Activity: The data below should be printed in full, exactly, and without any of its images.

Source material:
= Beginning of Section =
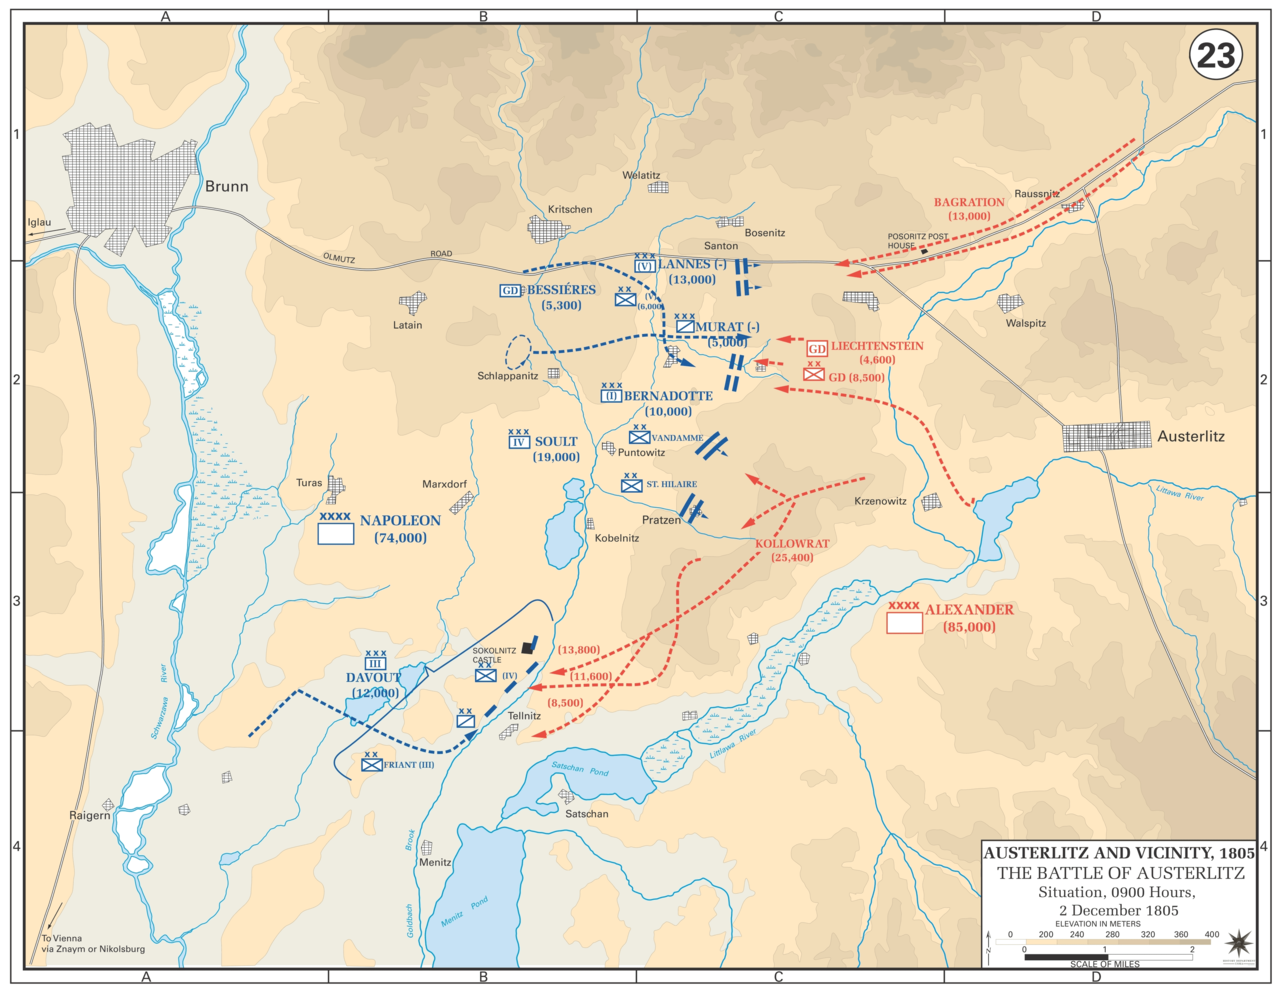 Battle of Austerlitz Map
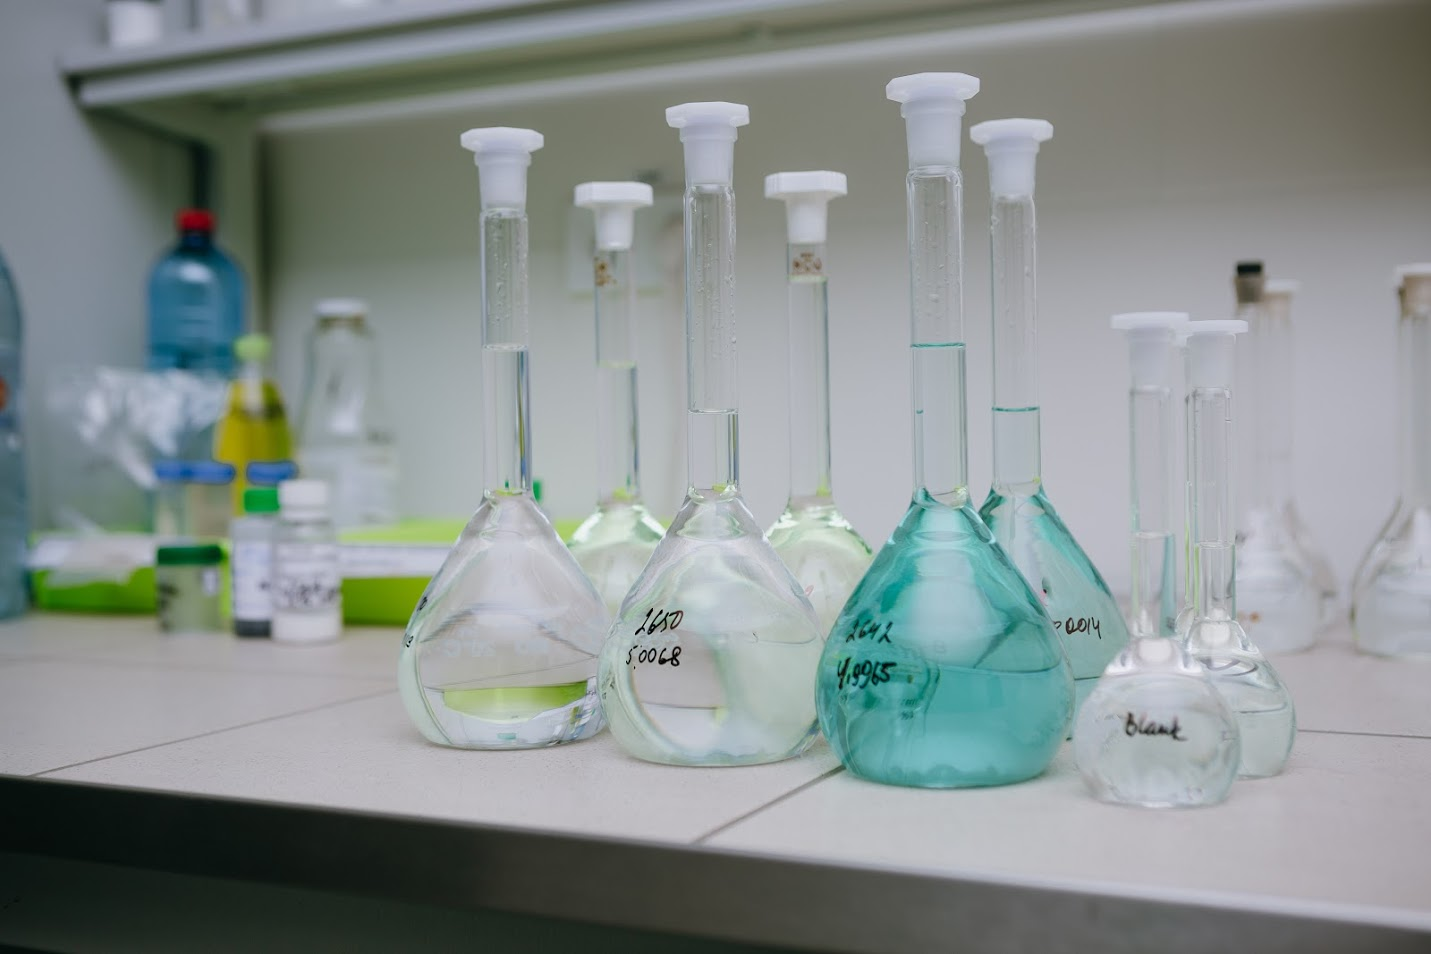 laboratory.jpg (108 KB)
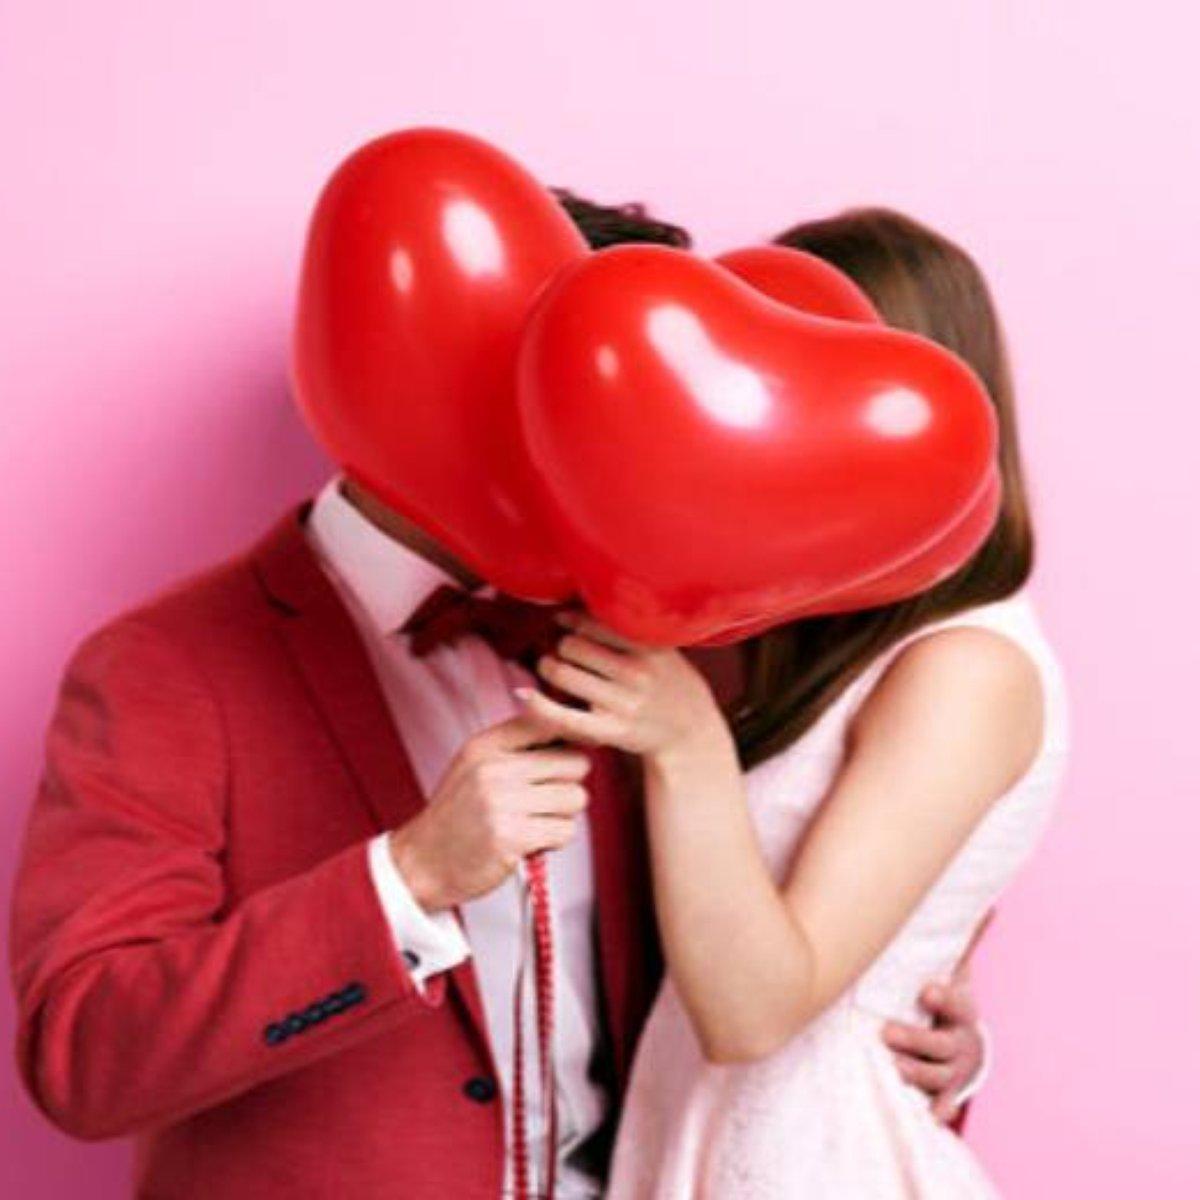 Dia dos Namorados na pandemia? Ainda dá para comemorar!
= End of Section =
Response:
 Battle of Austerlitz Map
 laboratory.jpg (108 KB)
 Dia dos Namorados na pandemia? Ainda dá para comemorar!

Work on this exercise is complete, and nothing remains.